● **Description of the task**: Only one stretch of the data should be retyped: the lines from the line containing "Шорты H&M синие джинсовые" through the line containing "Publica Sans Round Bold Italic". Keep pictures out of it.

____ Information provided

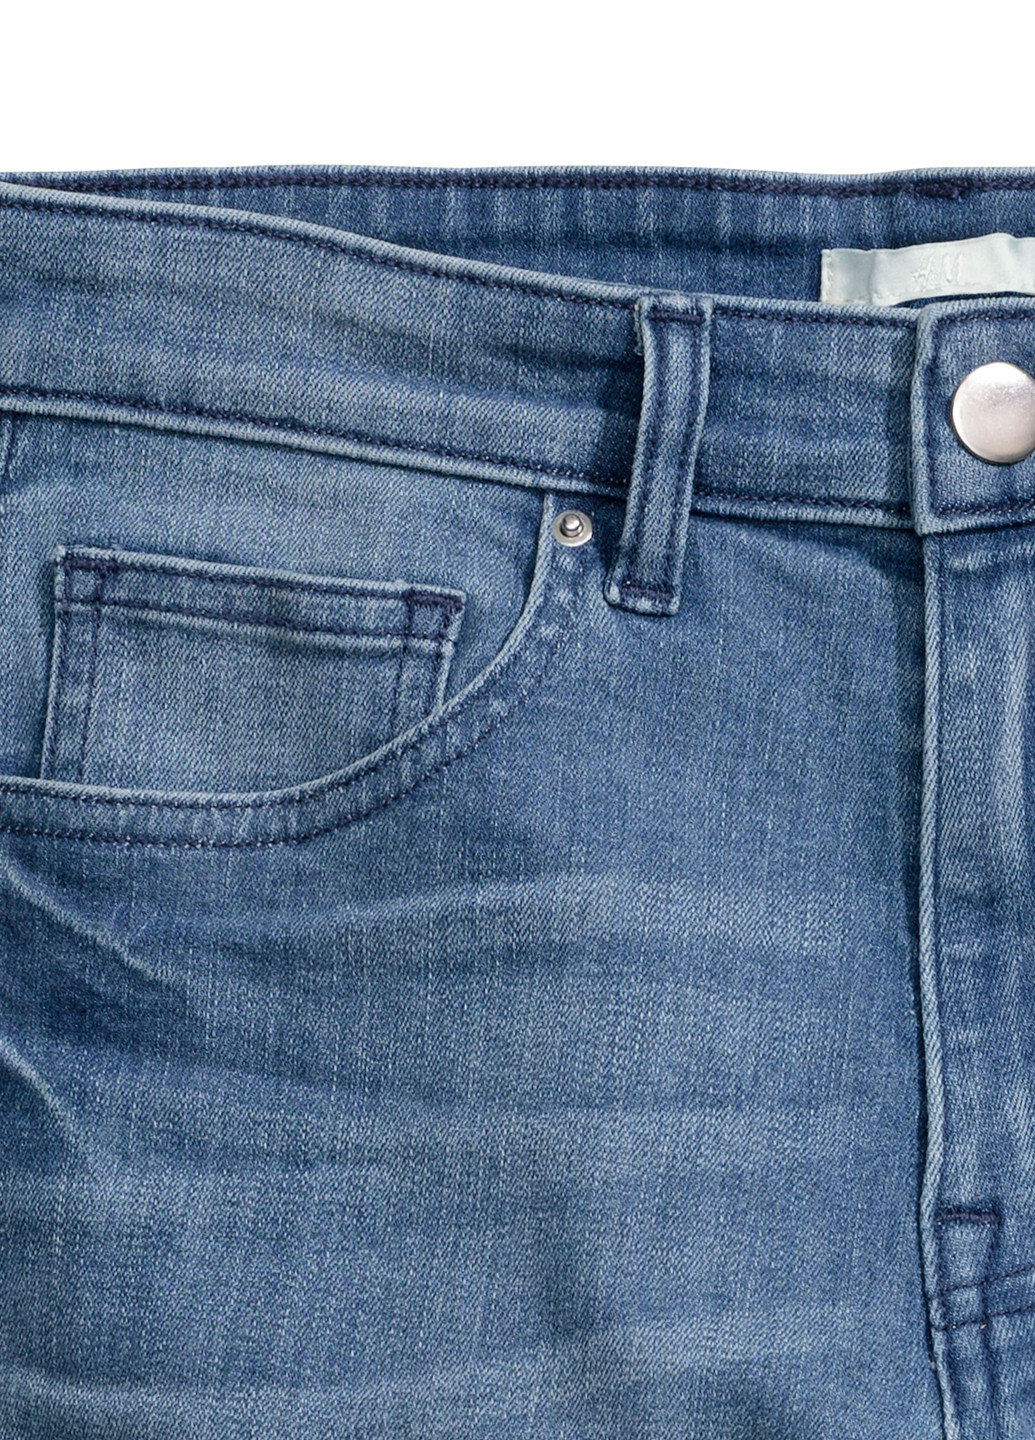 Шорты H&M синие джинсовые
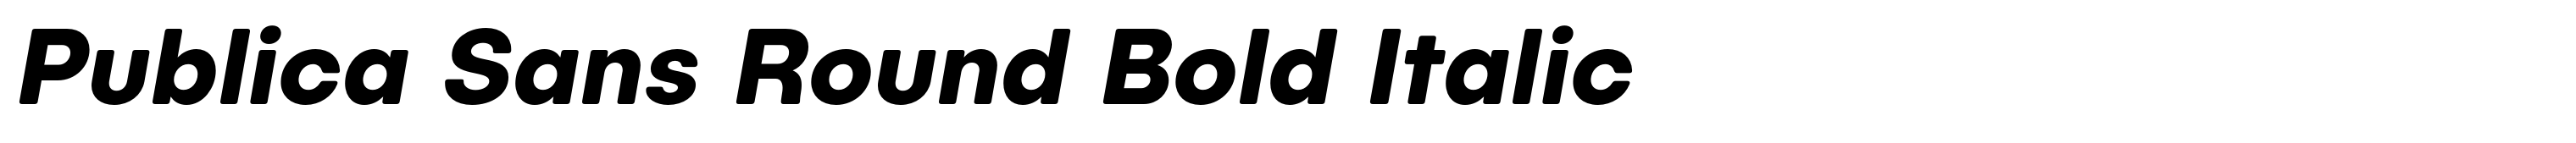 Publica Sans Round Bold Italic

________
____ Information provided

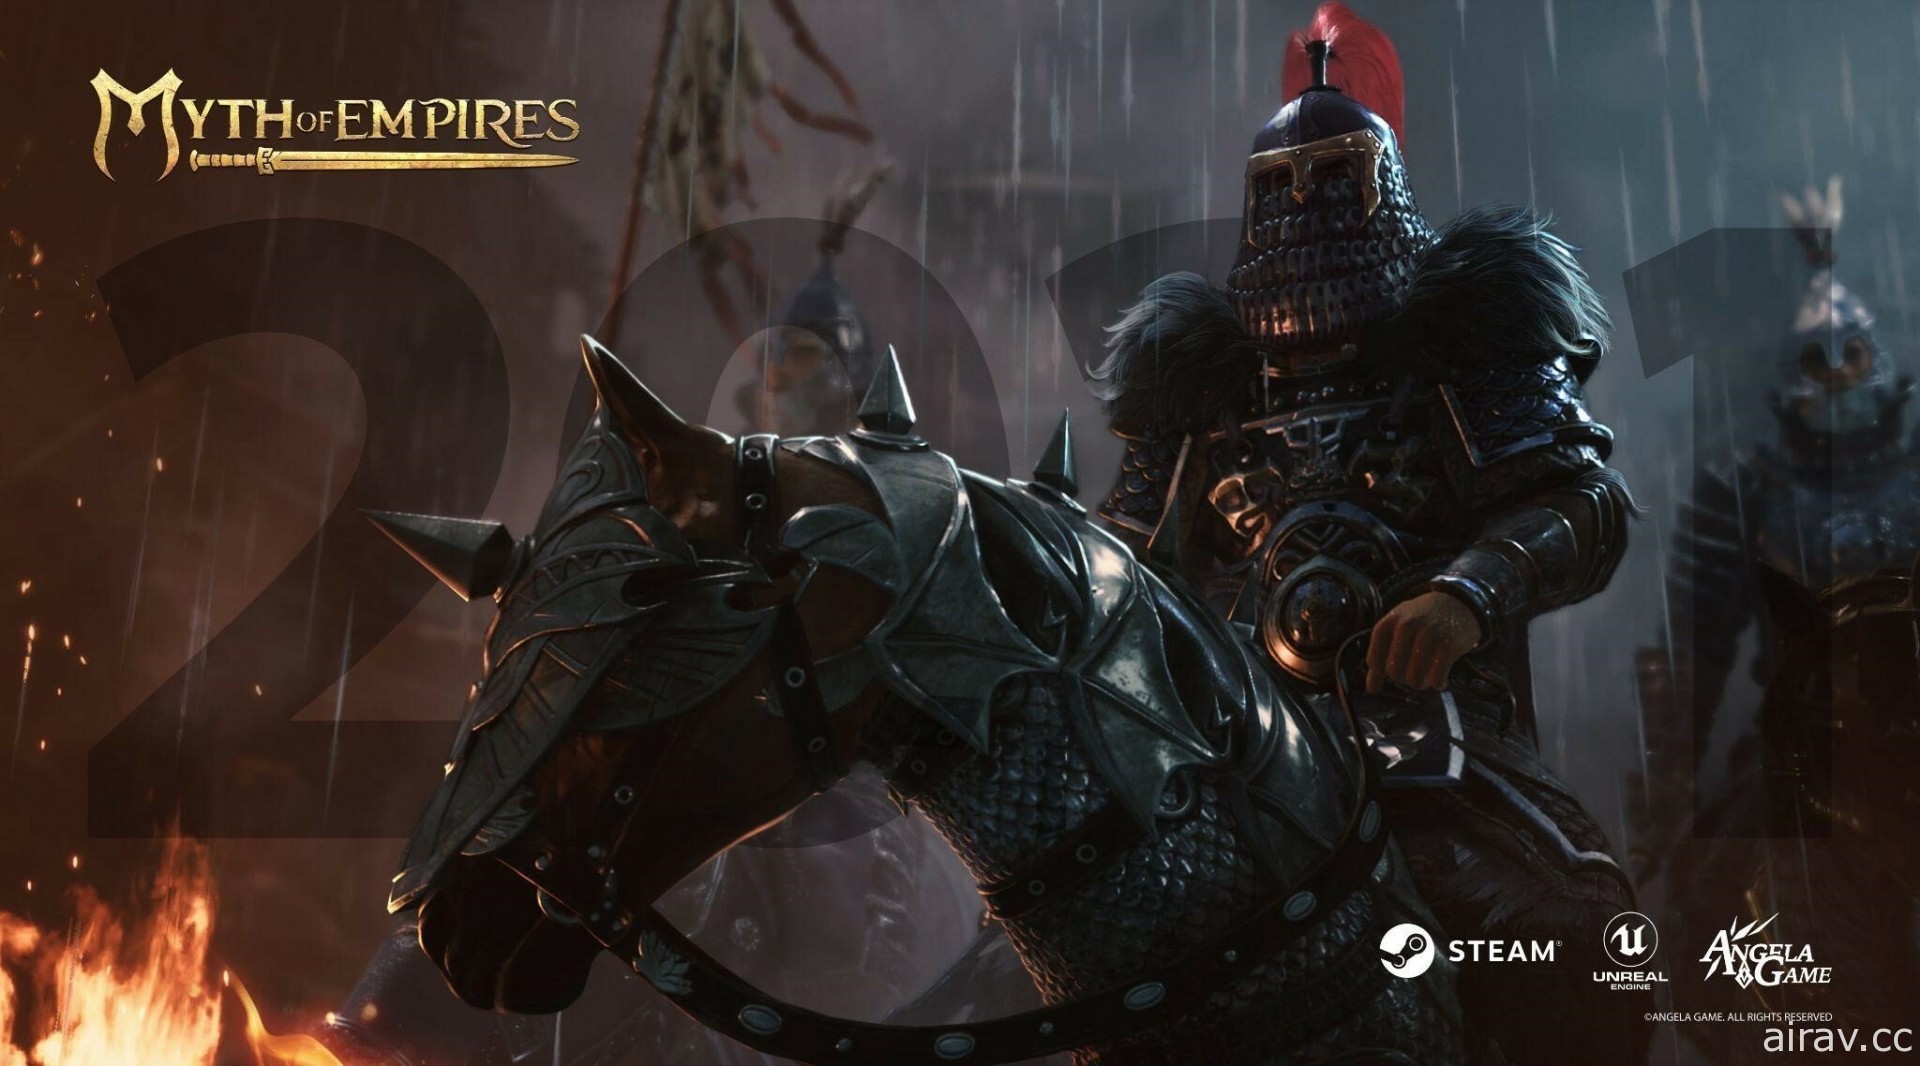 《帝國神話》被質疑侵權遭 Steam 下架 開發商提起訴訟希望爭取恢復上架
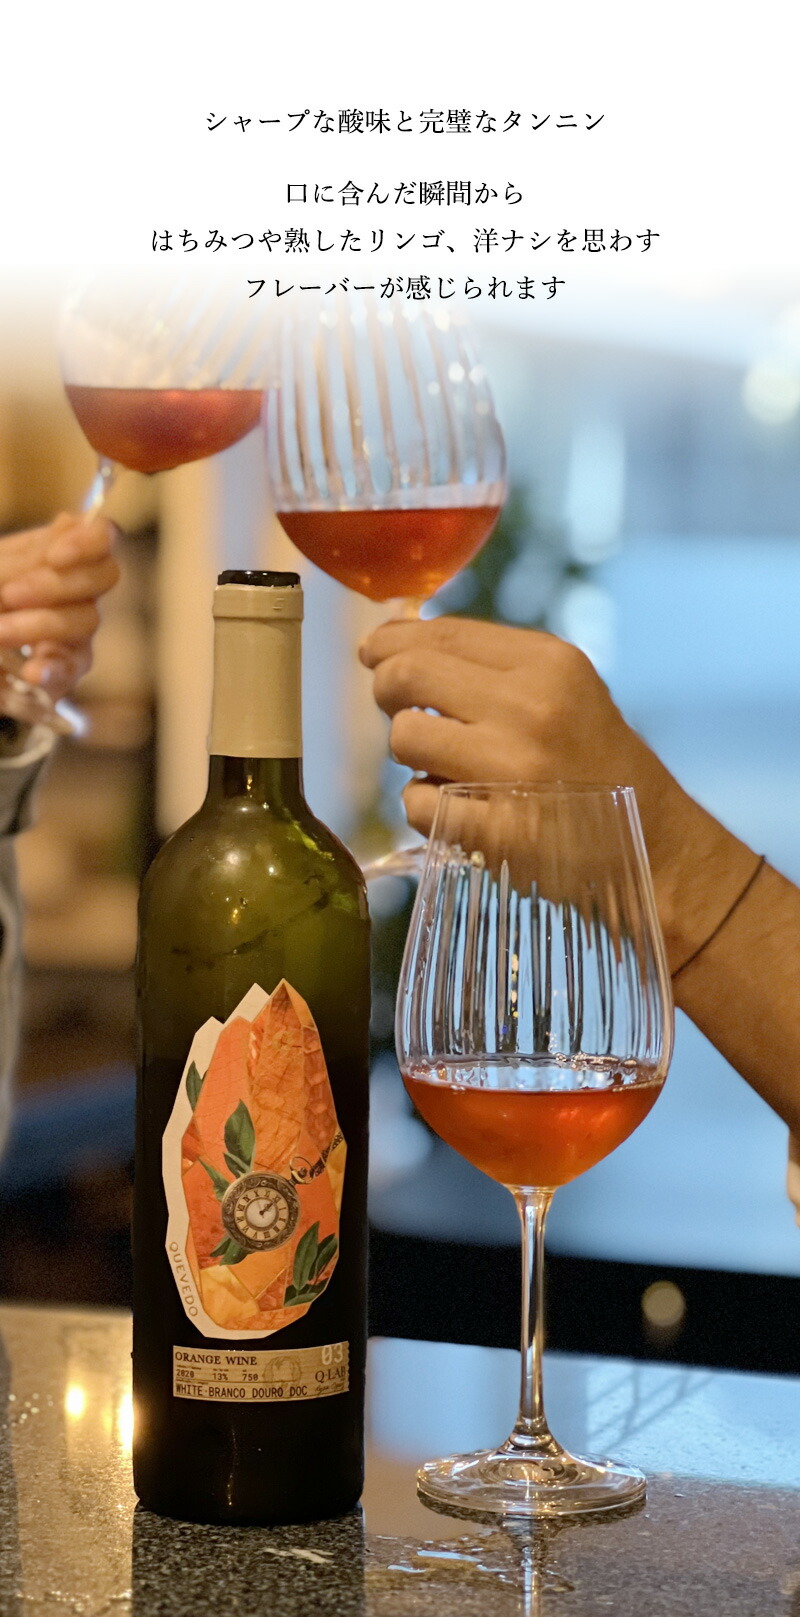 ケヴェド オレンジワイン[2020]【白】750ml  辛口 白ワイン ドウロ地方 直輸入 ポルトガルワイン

________

● **Solution to the problem**:
 Шорты H&M синие джинсовые
 Publica Sans Round Bold Italic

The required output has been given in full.